__ACTIVITY__.
Look in the material below for the line holding "Google and Facebook lookalike audiencesGoogle". Set it down exactly, with each later line up to and including the line holding "Tkaninová páska, v".

__MATERIAL FOR THIS TASK__.
--
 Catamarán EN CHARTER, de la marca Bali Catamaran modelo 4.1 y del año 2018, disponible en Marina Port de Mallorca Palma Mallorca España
--
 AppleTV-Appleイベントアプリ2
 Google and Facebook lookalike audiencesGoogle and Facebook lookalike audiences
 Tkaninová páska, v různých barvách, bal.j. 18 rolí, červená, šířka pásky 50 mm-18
--
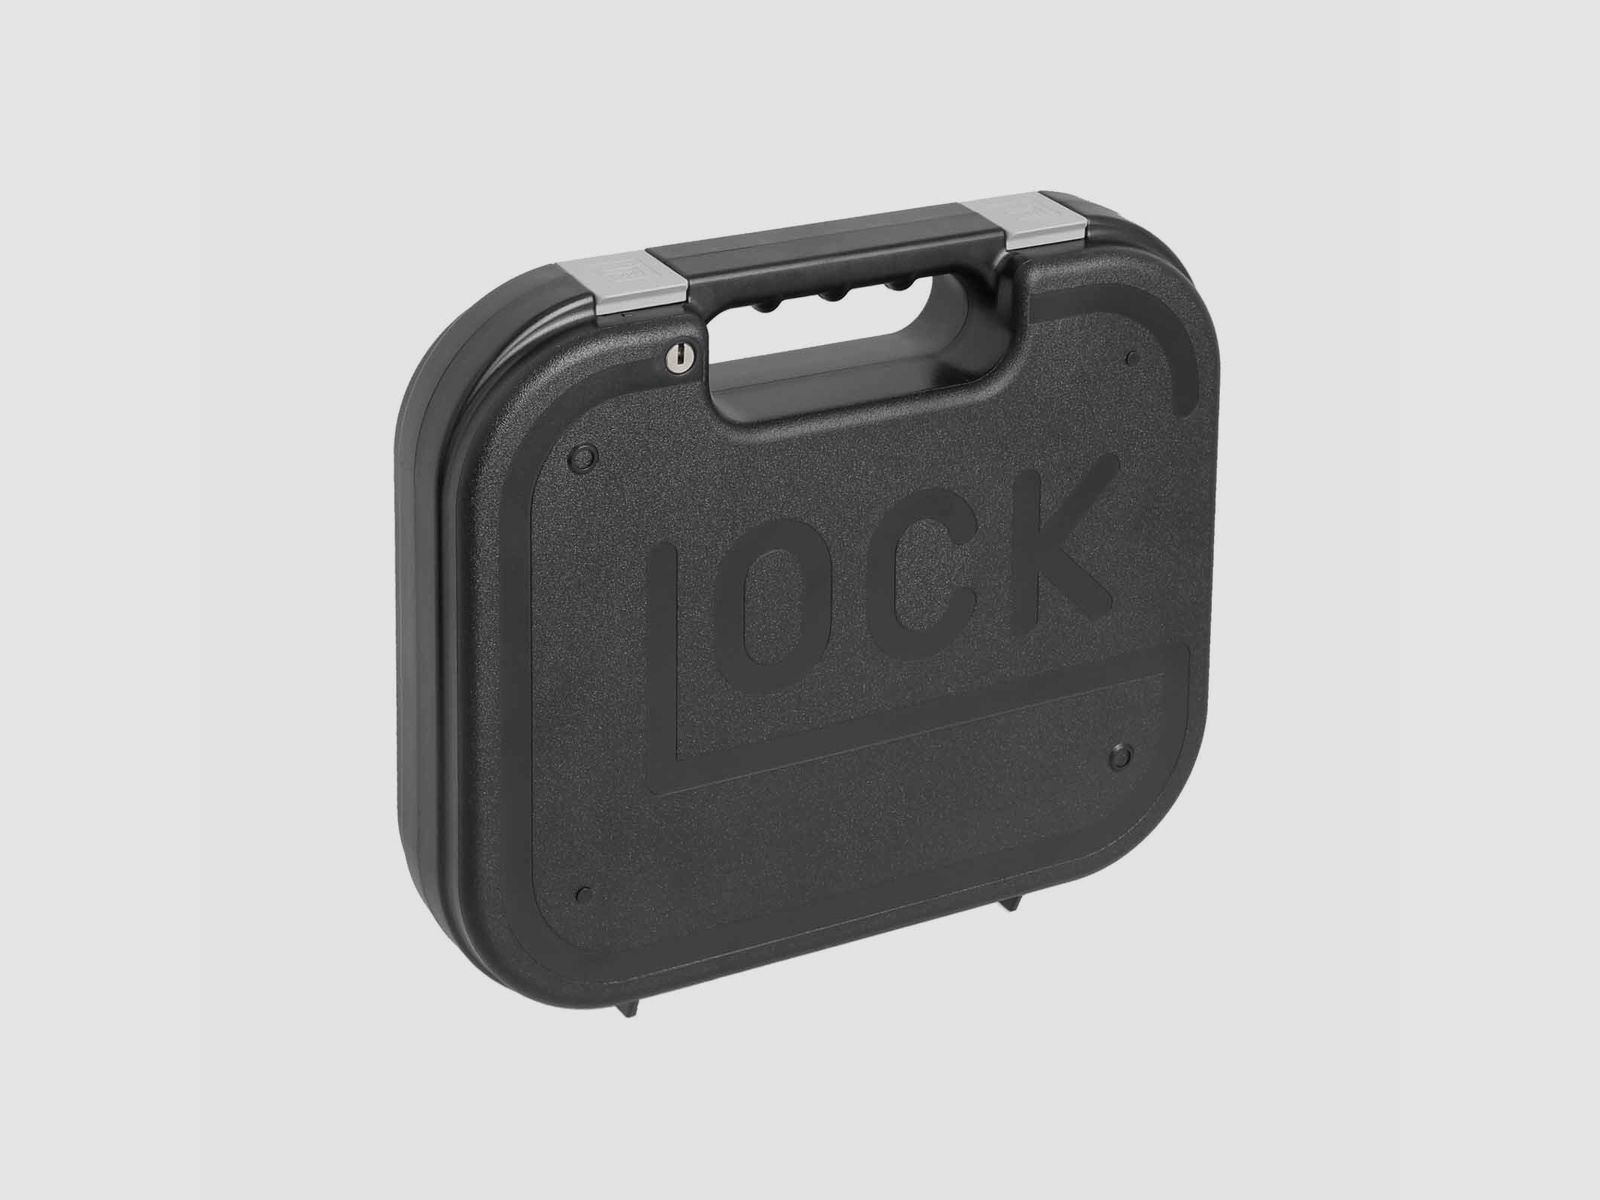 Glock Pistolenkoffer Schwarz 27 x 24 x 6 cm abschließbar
--
__WRITTEN ANSWER__.
 Google and Facebook lookalike audiencesGoogle and Facebook lookalike audiences
 Tkaninová páska, v různých barvách, bal.j. 18 rolí, červená, šířka pásky 50 mm-18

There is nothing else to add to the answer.